Friday, August 06, 2004

The Fantasy Portion of the program...

why is it that i am unable to outrun the blaring tv???
is everyone in my life addicted to that crap?
at home, i fight my kids' shows.
at night, i try to ignore my husband's shows.
HERE, i am attempting to ward off the nosie from my father's shows.
i'm not sure why i feel that MY addiction is more noble, more worthy--
but I do.
hee.

I'm seriously struggling, here, folks.
i think i may have written myself into a corner--
so i'm going to do a back hand spring and land somewhere totally new and unexpected.
i WILL write a fantasy today, but it may be different than my usual.
i think the biggest part of the problem is that i am living my greatest fantasy--madly in love with the father of my children, and satisfied with all that we are and have and do...
it's hard to dream of anything that would be better than this.
the other part of the problem is that i haven't taken time to really meditate on this subject in a long time...
(yeah, that means i haven't masturbated in a while.)
i haven't really connected with anything outside myself/my life lately.
SO.
i have to really sit back and let my thoughts wander.
don't hold your breath....
**********

It would be out of the way--by nearly an hour--on that dusty stretch of freeway.
But i was filled with a deep sense of happy satisfaction at the thought of delivering this care package to my boss's son.
I had known him since he was a kid, from spending time with the family.
he was stationed at a marine base, would be leaving for Iraq soon.
in fact, i hadn't seen him in a couple of years and still pictured him as a kid.
When i knocked on the door to his room in the barracks, i could hear loud rock playing inside and smiled.
he flung the door open, poised to yell--
he hadn't heard my knock, over his music, and was preparing to warn his floormates that a woman would be on deck shortly.

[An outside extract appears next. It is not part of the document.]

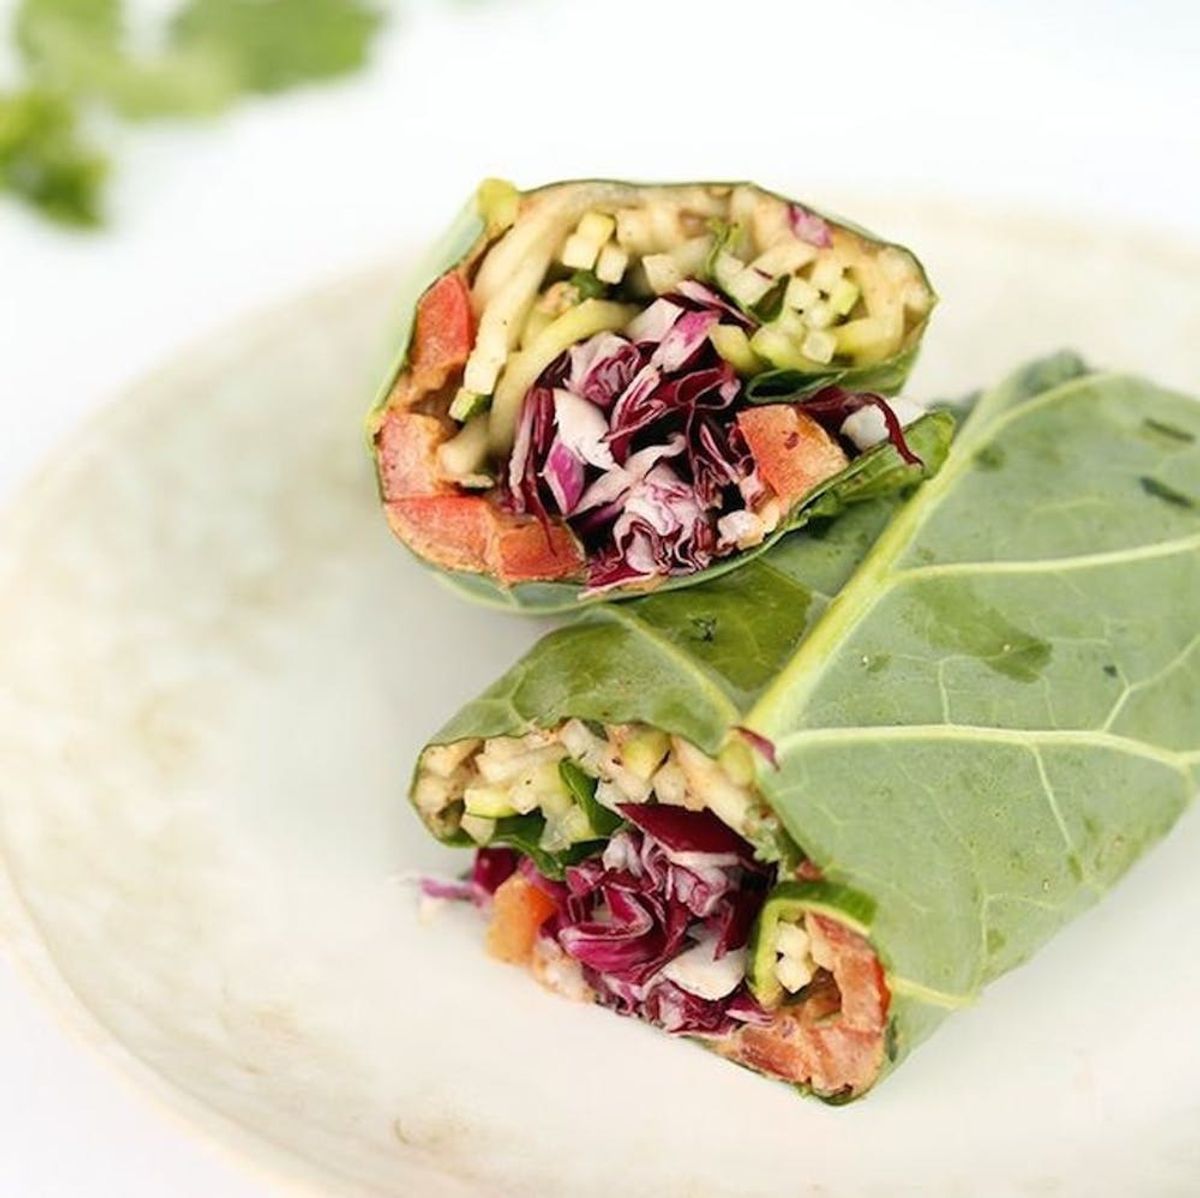 Wrapper’s Delight: 11 New Ways to Add Greens to Your Lunch

...apparently i was early--he sported only a towel.
(around his waist, fortunately.)
we both blushed and he hurried to turn down the music and finish dressing.

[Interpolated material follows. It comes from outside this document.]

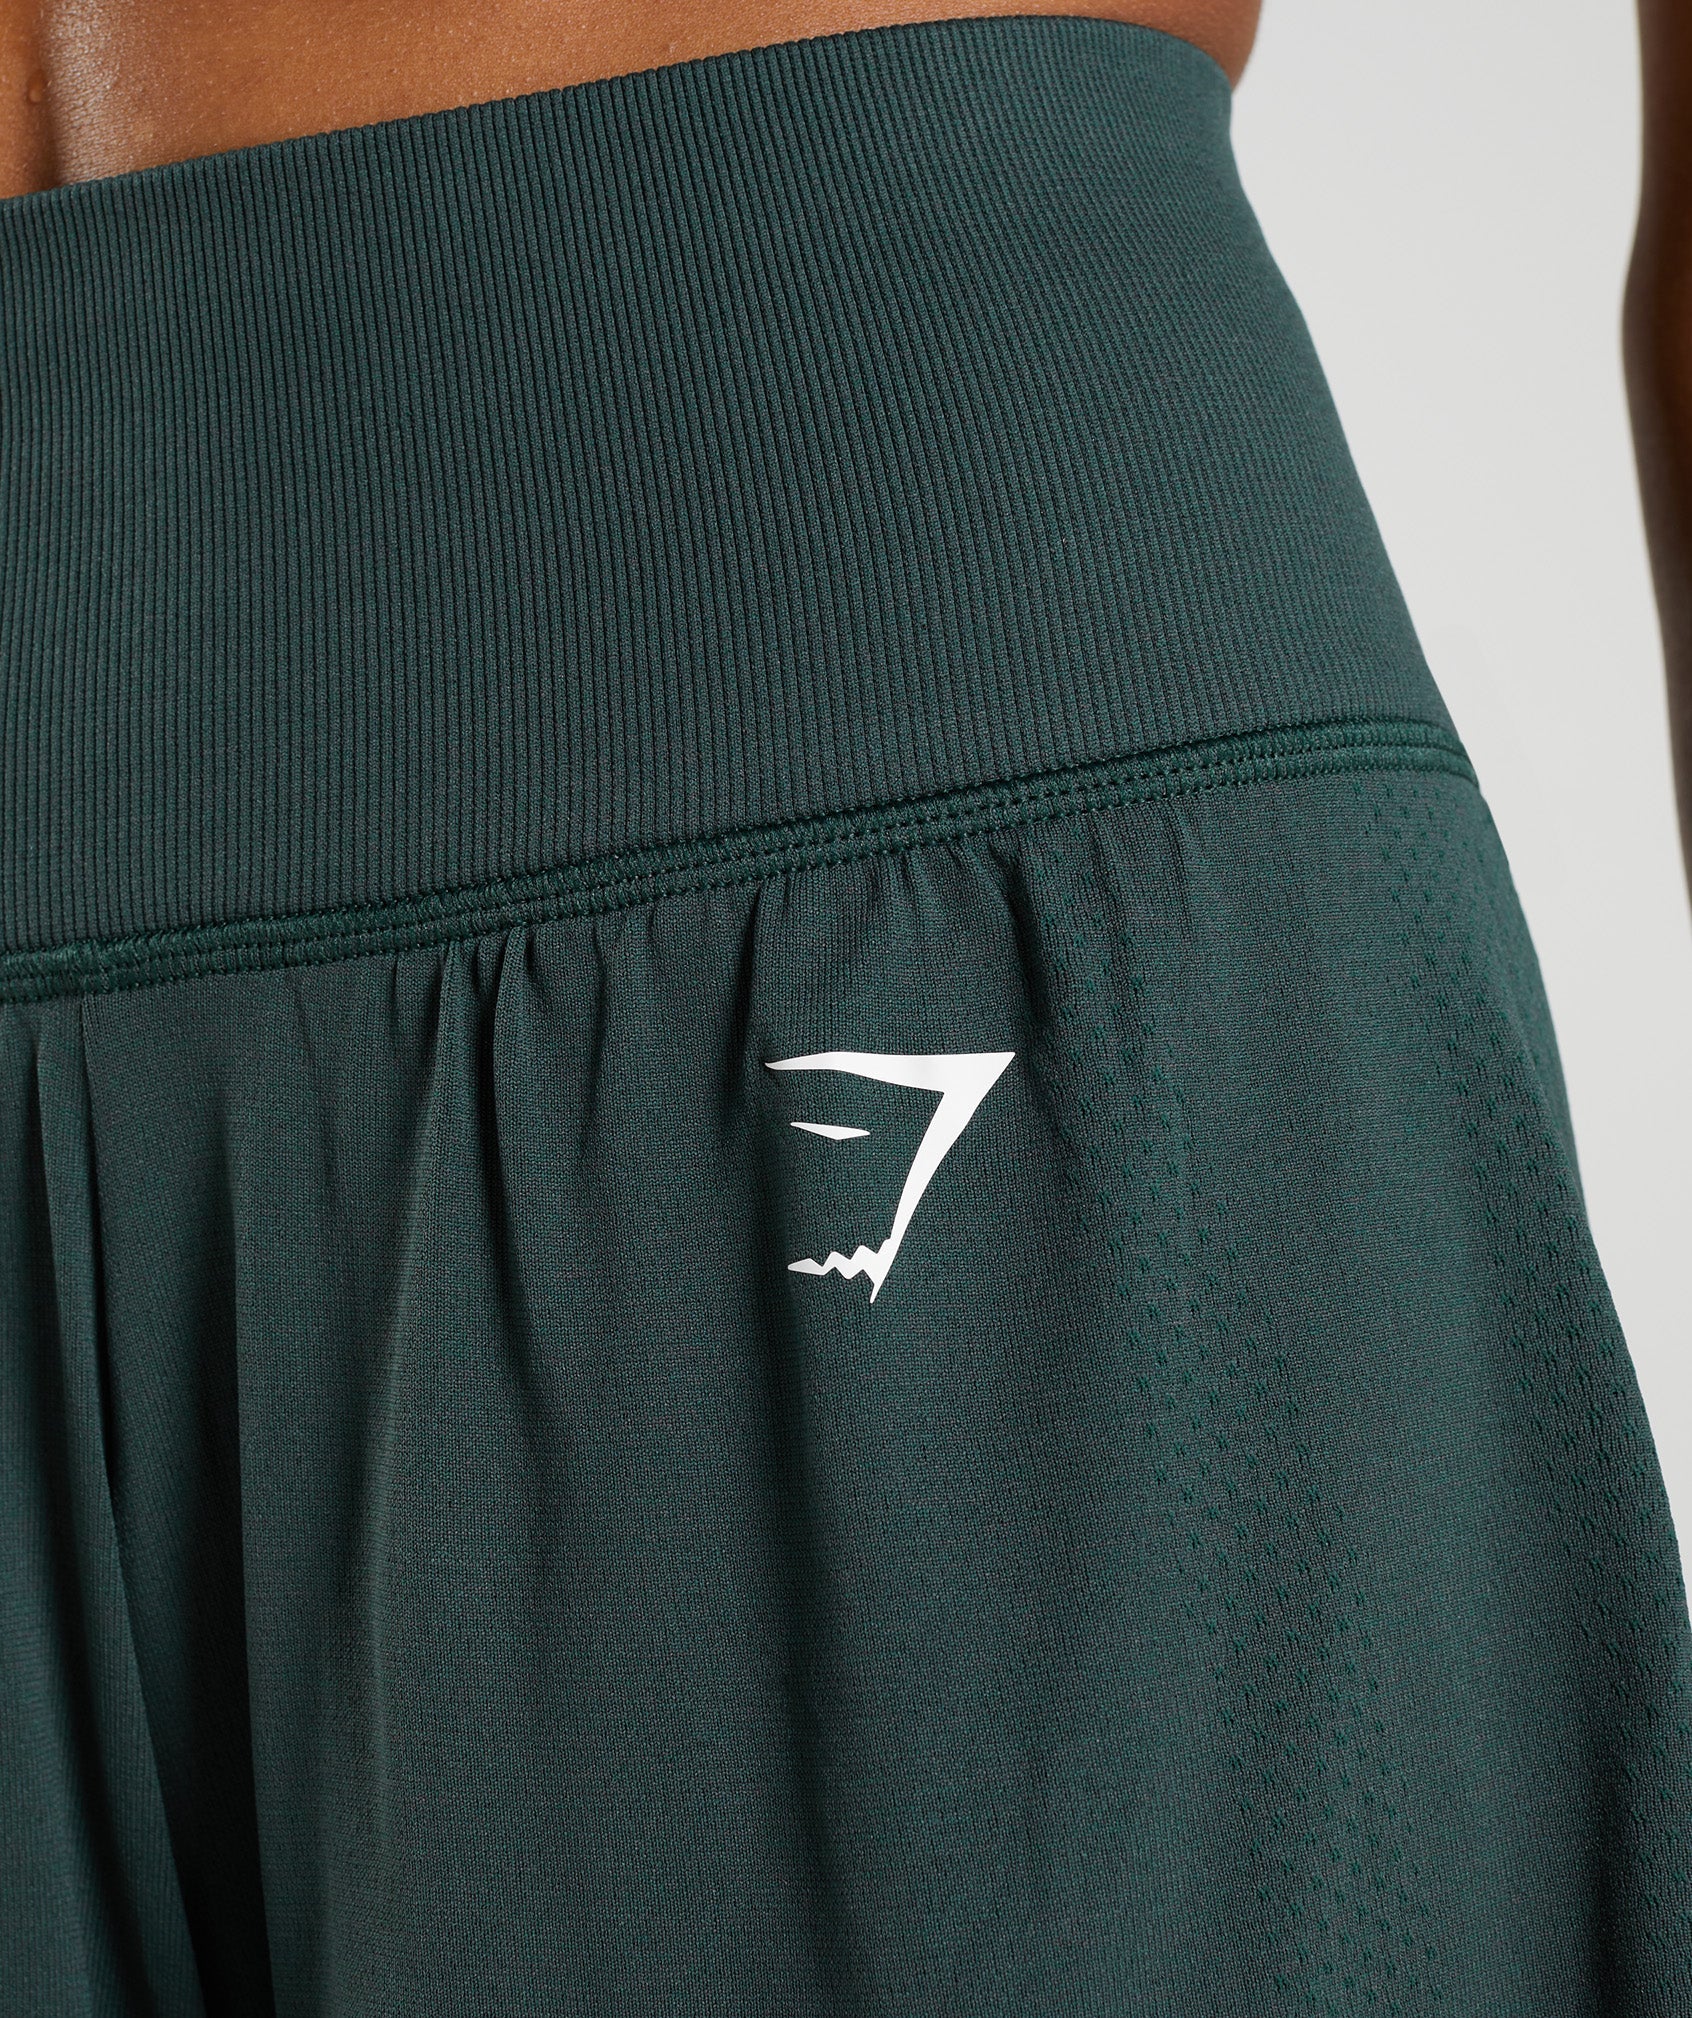 Vital Seamless 2.0 2-in-1 Shorts in Woodland Green/ Marl - view 5

his room reminded me of a hospital room--sparse and cold.
he returned in fatigues and a t-shirt, his tightly buzzed hair already dry.
the awkwardness was difused when i handed him the box from his parents and we began talking about them.

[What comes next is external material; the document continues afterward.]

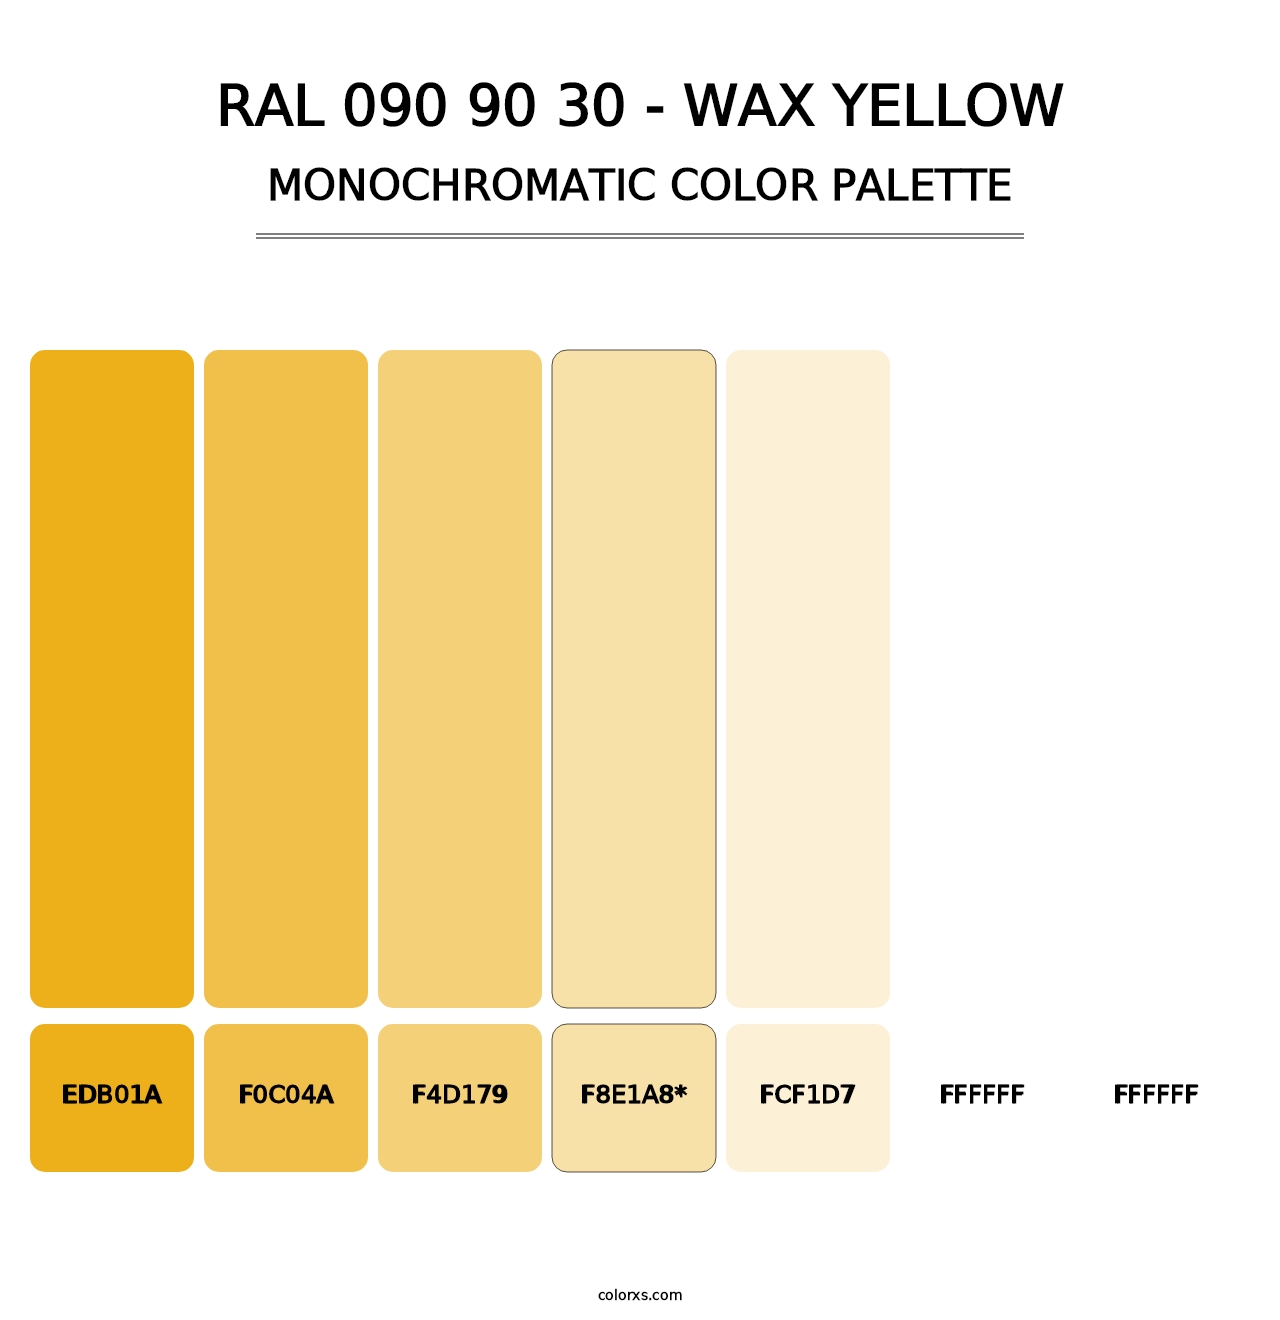 RAL 090 90 30 - Wax Yellow - Monochromatic Color Palette

as we spoke, i was afforded a closer look at him--
he had grown up.
17 to 20 is a big jump, especially when those years are spent in military training.
the boyish curves of his face had been replaced with the hard, straight lines of a man--his thin wiry body with the thickness of one preparing to defend himself with only his hands.
as the cheerful conversation found a quiet spot, i realized i was openly staring at him--with the wrong sort of thoughts in my head...
he cleared his throat and informed me that his orders were in.
he would be leaving early the next morning.
i swallowed hard, and tried to think of the appropriate response.
before i could speak again he stood and started unnecessarily organizing some books on a shelf.
do you remember the company picnic, a few years ago? right before i left for bootcamp?
he didn't wait for a reply.
i was in my dad's room, looking for his stash of smokes, when i heard someone coming. i figured it was just someone coming in to use the bathroom, so i stepped behind the closet door.
he paused, and turned around to face me.
it was you. and you didn't go into the bathroom...before i could say anything, you had slipped out of your swimsuit, and back into your clothes.
his face turned a little pink, and mine was as red as a rose.
i looked down, not knowing what to say.
i don't think i'll ever forget that. you were so beautiful--are...
surprised, i looked up just in time to see him step toward me.
i smiled and stood.
he put a hand behind my neck, gently pulling me toward him.
i've dreamed of you every night since then...
his voice was husky, quiet.
i hesitated for a moment, then kissed him.
he kissed me back, his hands in my hair, the kisses so soft and sweet.
i could smell the soap on him, and he tasted like rainwater.
i let out a small groan, resisting my urge to tear him apart.
we proceded slowly, tenderly.
he kissed my ears, my neck, my shoulders--as if he were performing a sacred ritual.
he removed my clothes and continued exploring my body as if i were the first woman he had ever touched.
...and he looked at me as if i would be the last...
he peeled off his briefly donned clothes and i swallowed hard.
i hadn't seen a body like that in a few years...
i pulled him to me, roughly, fiercely--kissing him with such force it took his breath away.
i began my own worship--much less delicate than his own had been.
on my knees?
yes...
feeling so patriotic, giving head to this sweet soldier.
swallowing him greedily, then sliding up him, kissing his neck, biting.
we sat, legs interwoven, as he kissed my breasts and regained his momentum.
when he was ready, he laid me back and dropped into place...
we moved together, nearly frantic with desire, with need.
my nails in his back, i breathed, faster...harder...
and he brought us both home--
as we lay together in his tiny bed we wasted no words pretending to be in love...
we were madly infatuated with each other and amazed at our respective good fortune.
i stayed until it was time for him to report for duty in the morning, to board his plane.
and we packed a year's worth of fucking into those 16 hours--both leaving smiling and sore.